> Directions: Your job with the data below is to output exactly the lines from the one holding "La exsecretaria de" down to the one holding "在白光土气木背景的惊人的桃红色牡丹 复制空间,花卉框架 葡萄酒,阴霾看 装饰的婚姻的汽车", both included, and no others.

> Supplied entries:
- Opening Delimiter -

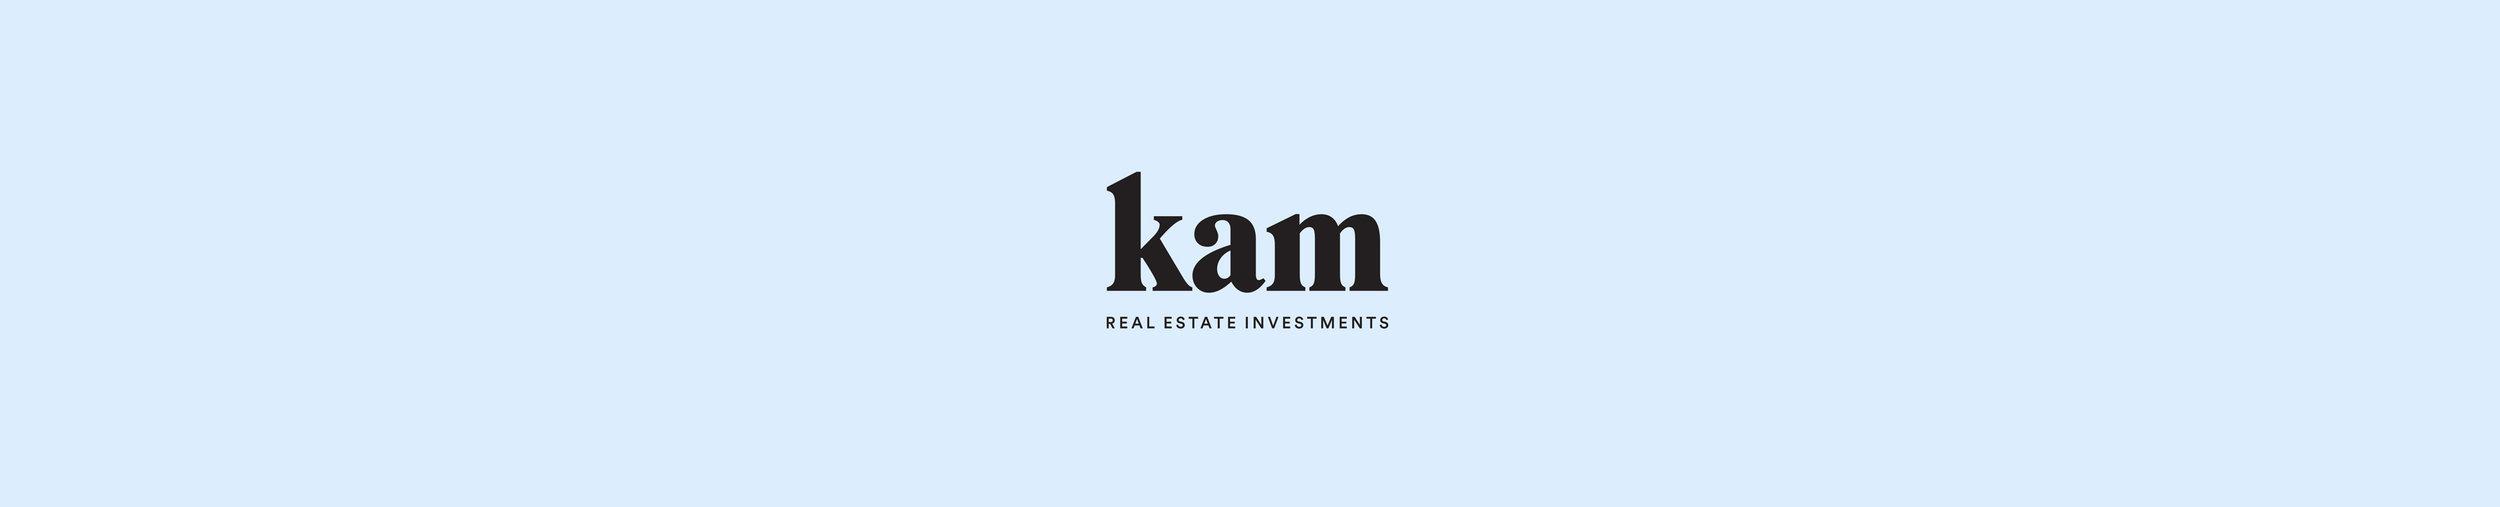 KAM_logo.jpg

- Closing Delimiter -
- Opening Delimiter -

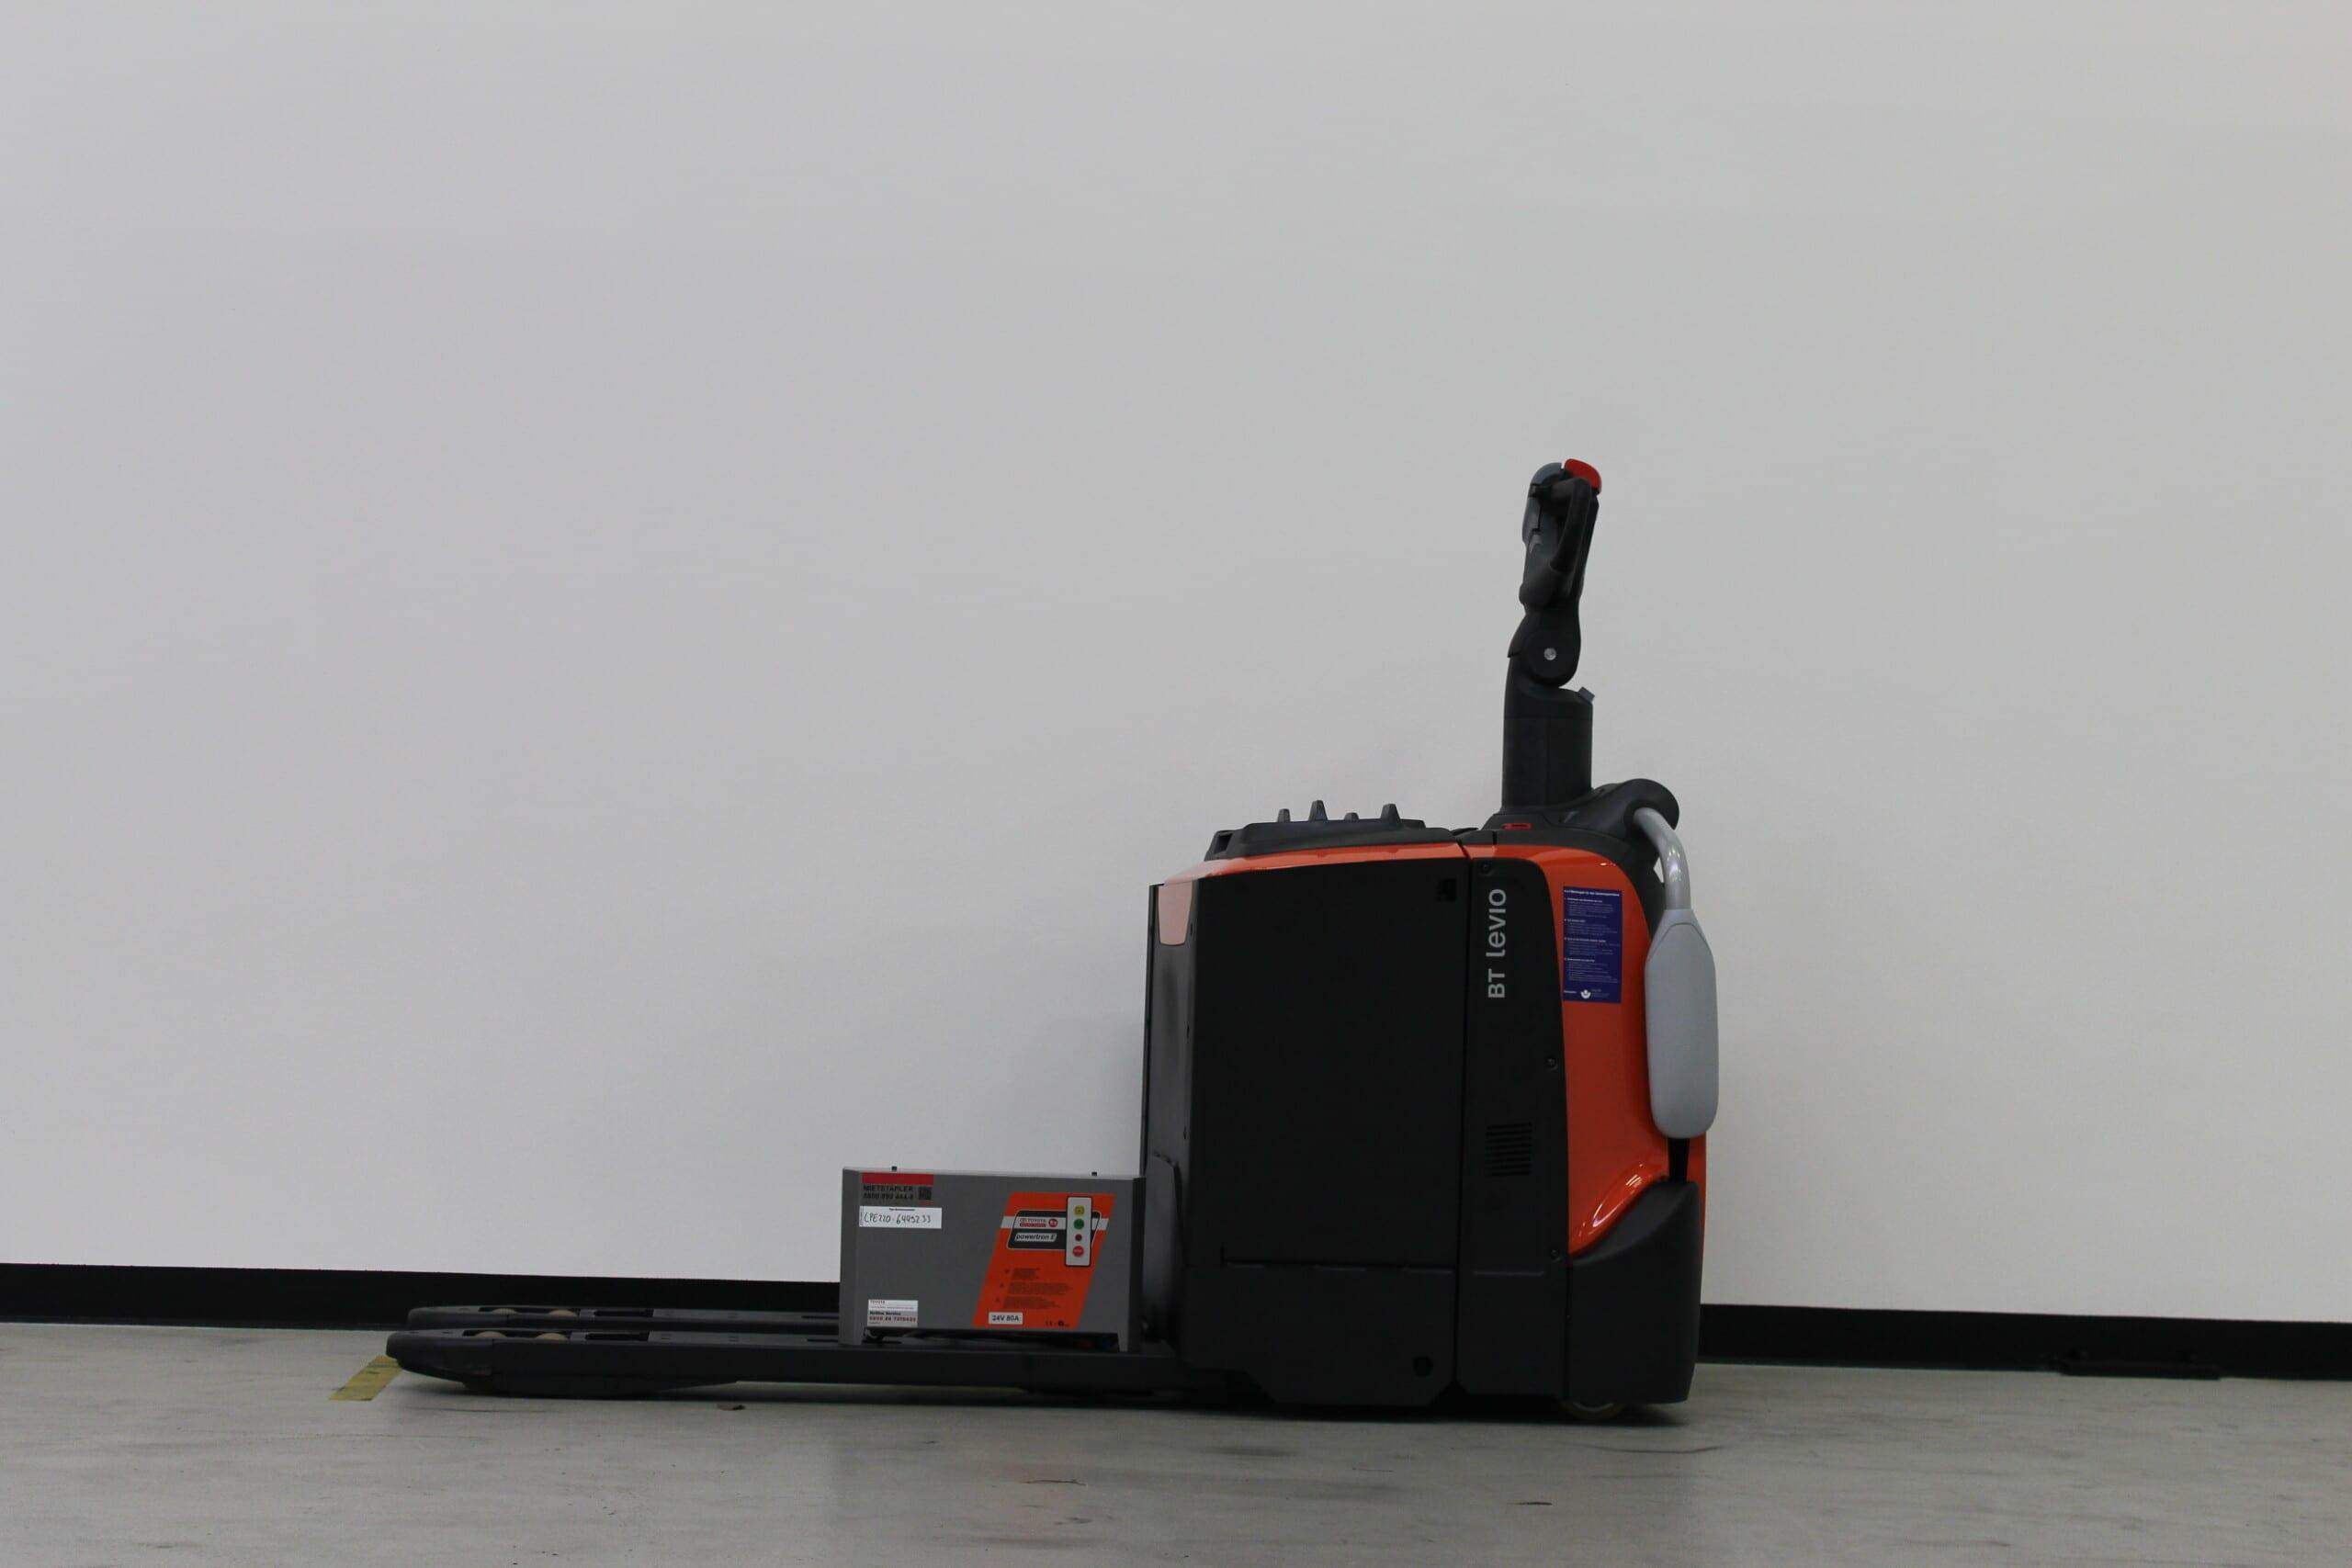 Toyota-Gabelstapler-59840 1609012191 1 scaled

- Closing Delimiter -
- Opening Delimiter -

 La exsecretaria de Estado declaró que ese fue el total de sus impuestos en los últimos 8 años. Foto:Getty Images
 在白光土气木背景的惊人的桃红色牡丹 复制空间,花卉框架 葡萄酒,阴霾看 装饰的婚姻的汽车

- Closing Delimiter -

> Output for this exercise:
 La exsecretaria de Estado declaró que ese fue el total de sus impuestos en los últimos 8 años. Foto:Getty Images
 在白光土气木背景的惊人的桃红色牡丹 复制空间,花卉框架 葡萄酒,阴霾看 装饰的婚姻的汽车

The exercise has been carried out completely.